EDITORIAL | Wednesday, 05 December 2007

Biting the bullet

‘The media regularly carry suggestions for still more handouts an others measures that would result in even higher consumption rather than investment.’
These were the words of Michael C Bonello who was speaking at the Annual Dinner of the Institute of Finanical Services held last week. In his speech the Governor admitted that the Maltese economy had come a long way, this was best evidenced by the convergence of the Maltese economy to the euro.
Mr Bonello’s statements are very correct but perhaps he mistakenly took the media to task when the real culprits are the politicians and their puppet media.
It is unfortunately the politicians who continue to give the impression that as soon as the fiscal situation is slightly improved, we can return to our old ways.
A case in point was the retrograde decision to extend children allowances to even more wage earners and doing so exacting a direct hit on a reform that had slowly moved away from an age old belief that the state supports all.
Mr Bonello had words of wisdom when it came to this particular aspect he said and we quote: ‘There is also a need for a wider acceptance of some basic truths, for example that it is an illusion to believe that something can be had for nothing, or that government can fix a grievance.’
Tough words but words that should perhaps sink into the psyche of politicians who continue to promise fiscal benefits without seeing the long term effects.
More importantly Bonello points to the targets that need to be attained to be competitive in a growing world economy. He underlines the high labour costs that continue to rise, citing the fact that labour costs in 2007 compared to 2000 rose by 18%.
He calls for greater flexibility in the labour market.
A clear reference for the need to welcome an Anglo-Saxon approach to labour employment and contractual criteria.
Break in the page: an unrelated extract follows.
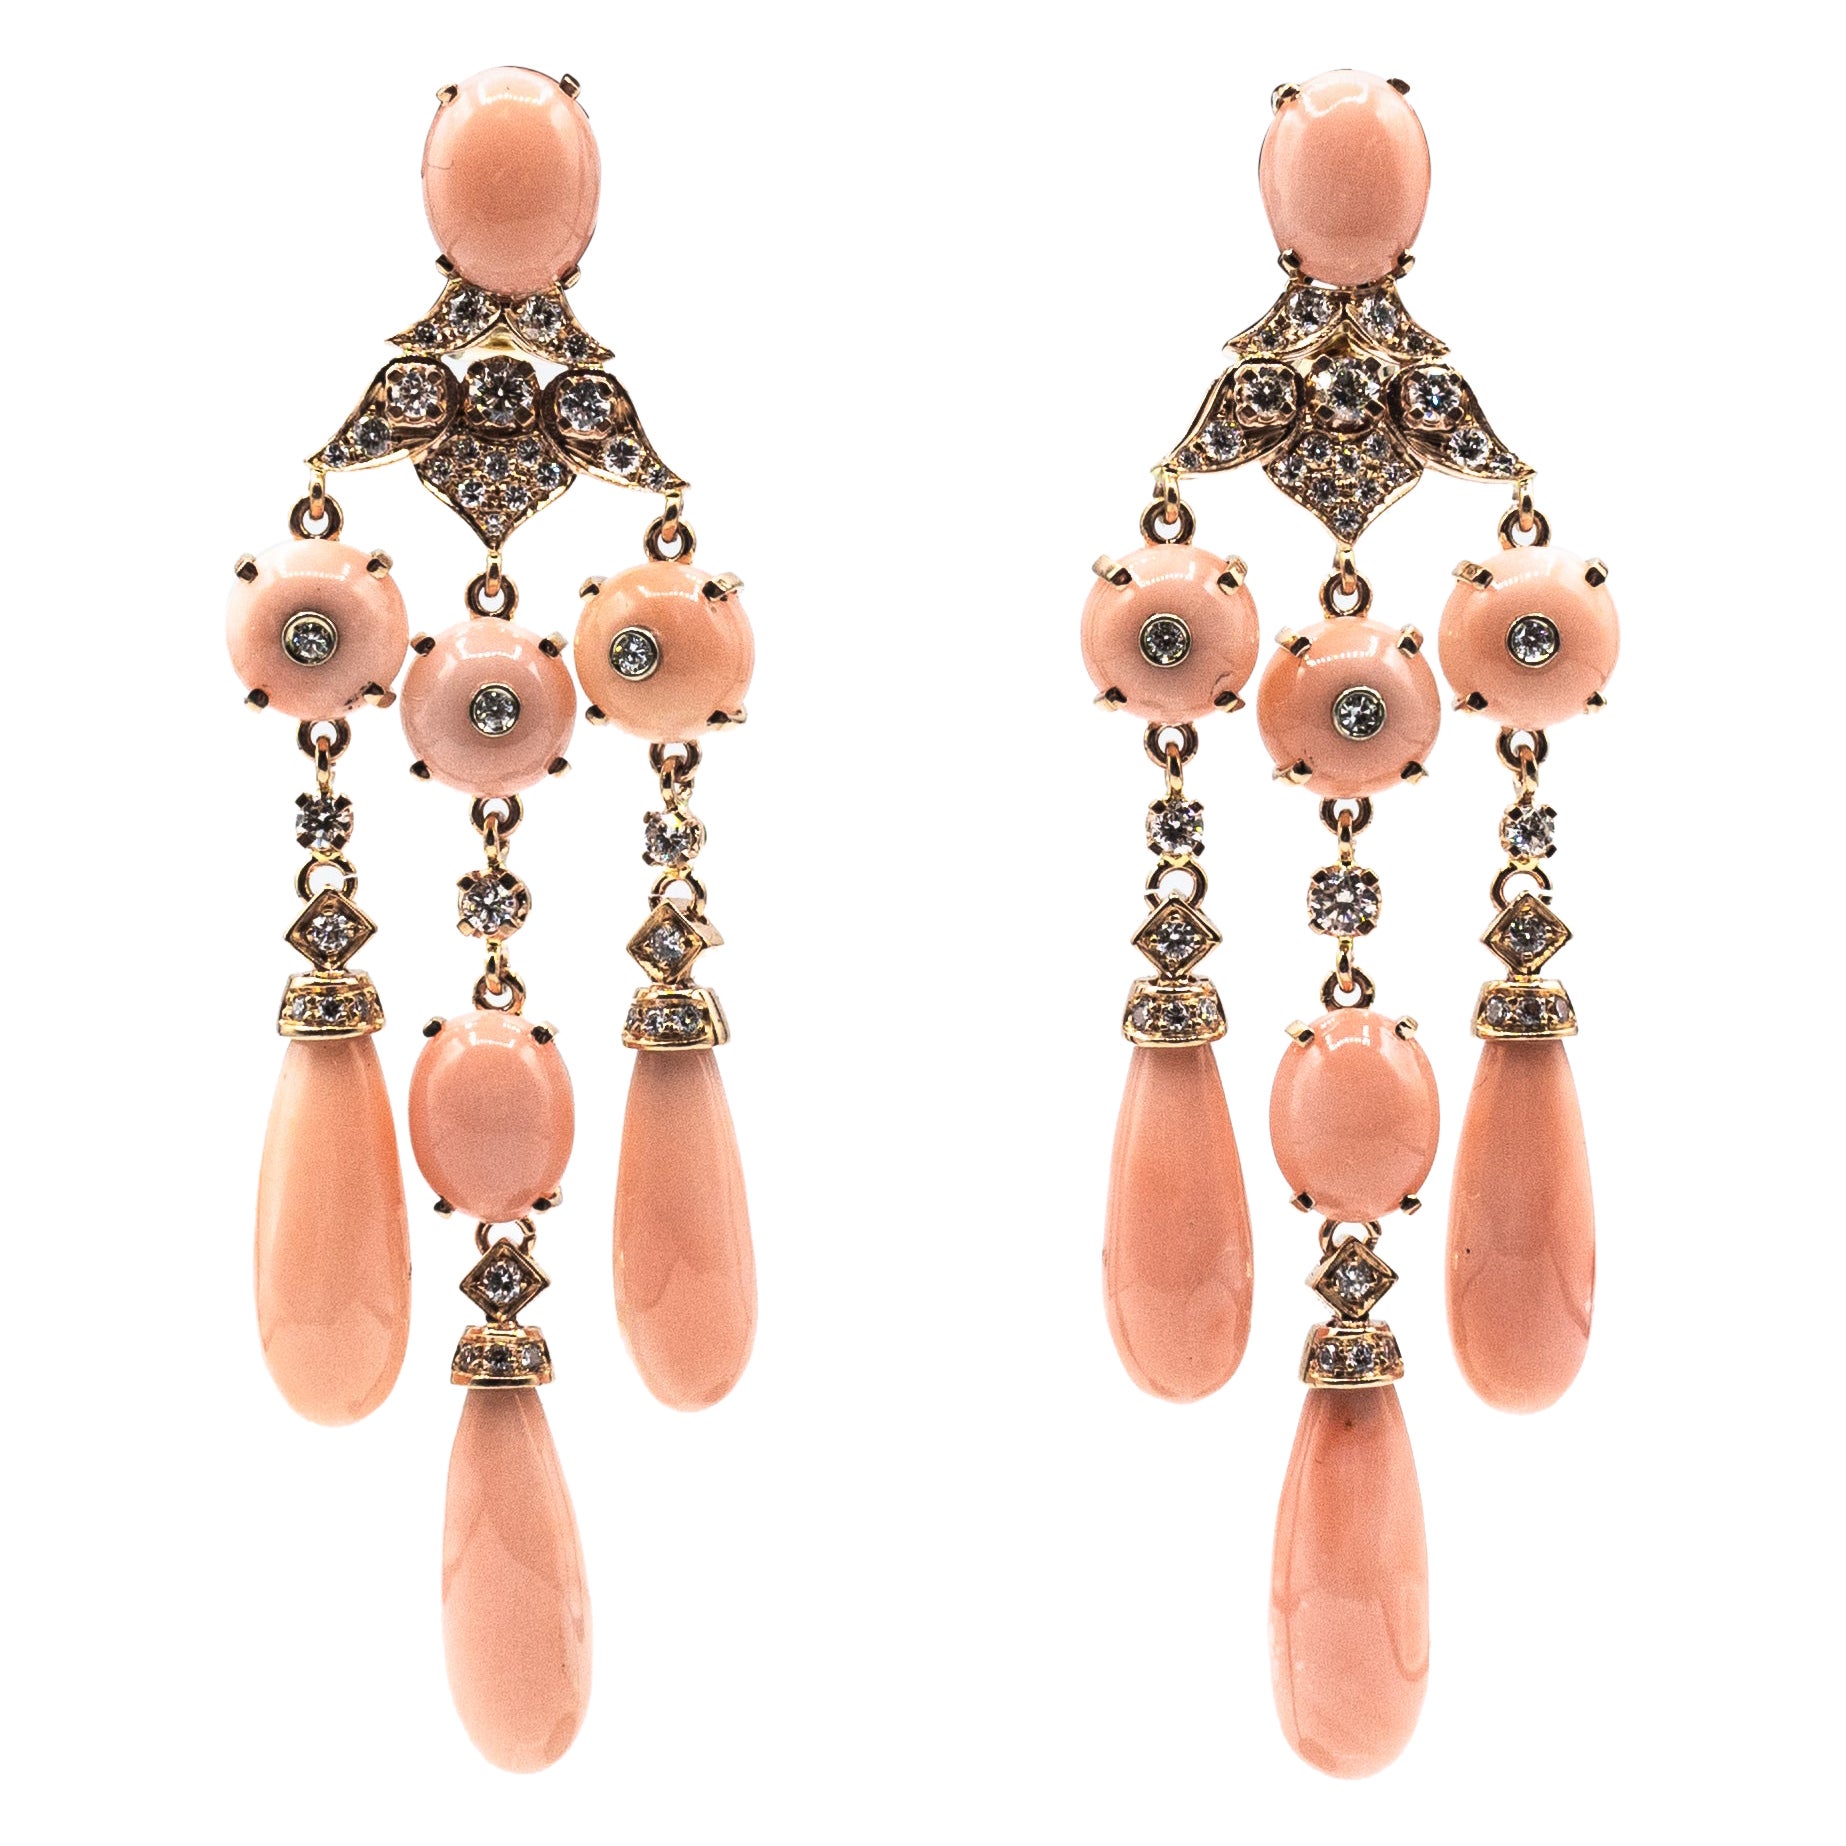 Art Deco Style Handcrafted White Diamond Pink Coral Yellow Gold Clip-On Earrings

The Central Bank governor also talks of the need to adapt training and education programmes to the needs in the economy. This he says will guarantee a competitive work force.
Very significantly Bonello makes direct reference to two euro zone members, Portugal and Ireland. He argues that whereas both countries had a very similar income per capita income was not very different in the early 1990’s, what happened afterwards is instructive to say the least.
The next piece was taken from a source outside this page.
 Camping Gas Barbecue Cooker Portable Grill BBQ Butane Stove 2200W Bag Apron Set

By 2006, the income per capita in Ireland had increased by 131% whereas in Portugal it had only grown by 67%.
The main reason for this was the fiscal discipline exercised by Ireland.
There is something to learn from this reality.
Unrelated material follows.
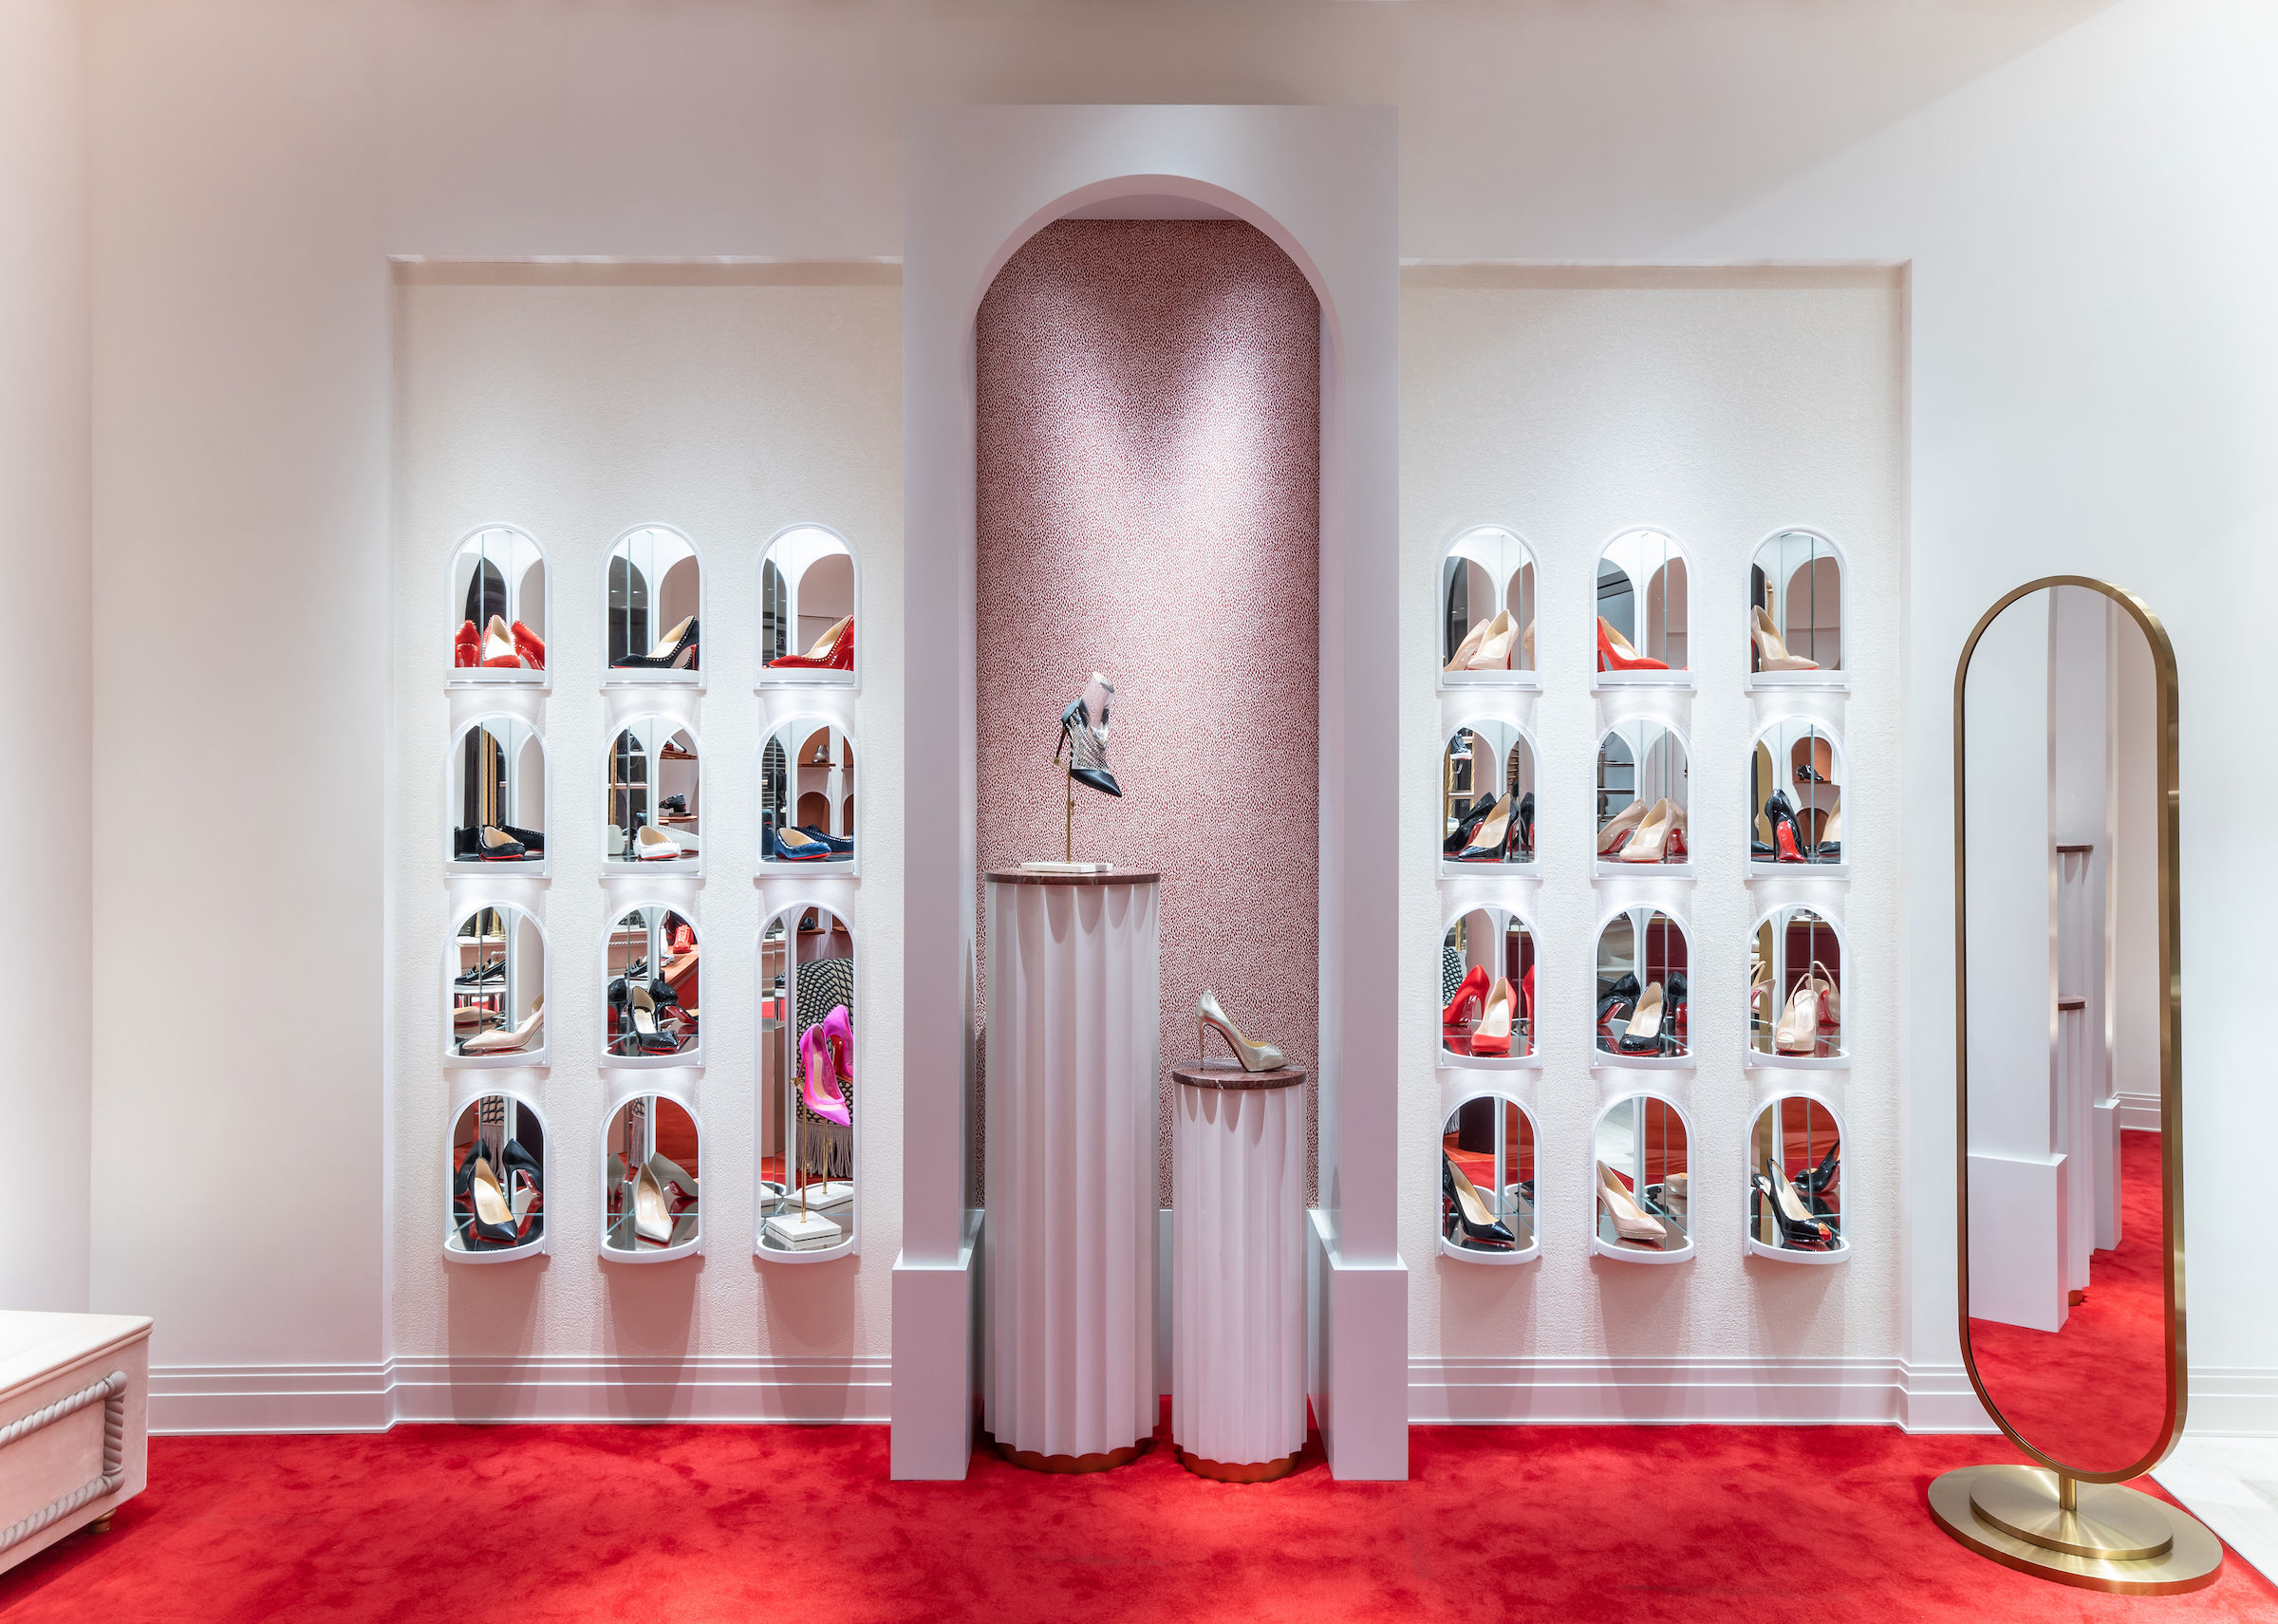 Boutique opening. Бутик Christian louboutin. Louboutin бутик. Фото бутик Кристиан лабутен. Boutique open close.

There is no doubt that there is gradual tendency to slacken whenever things start looking up.
Michael Bonello’s words need to be taken into consideration by our political class, who are unfortunately hell bent on promising more give-aways and freebies to their electorate.
Unfortunately without realising that these actions erase the economic gains
It is perhaps sad that more often than not, the words of individuals with no agenda are ignored if not discarded.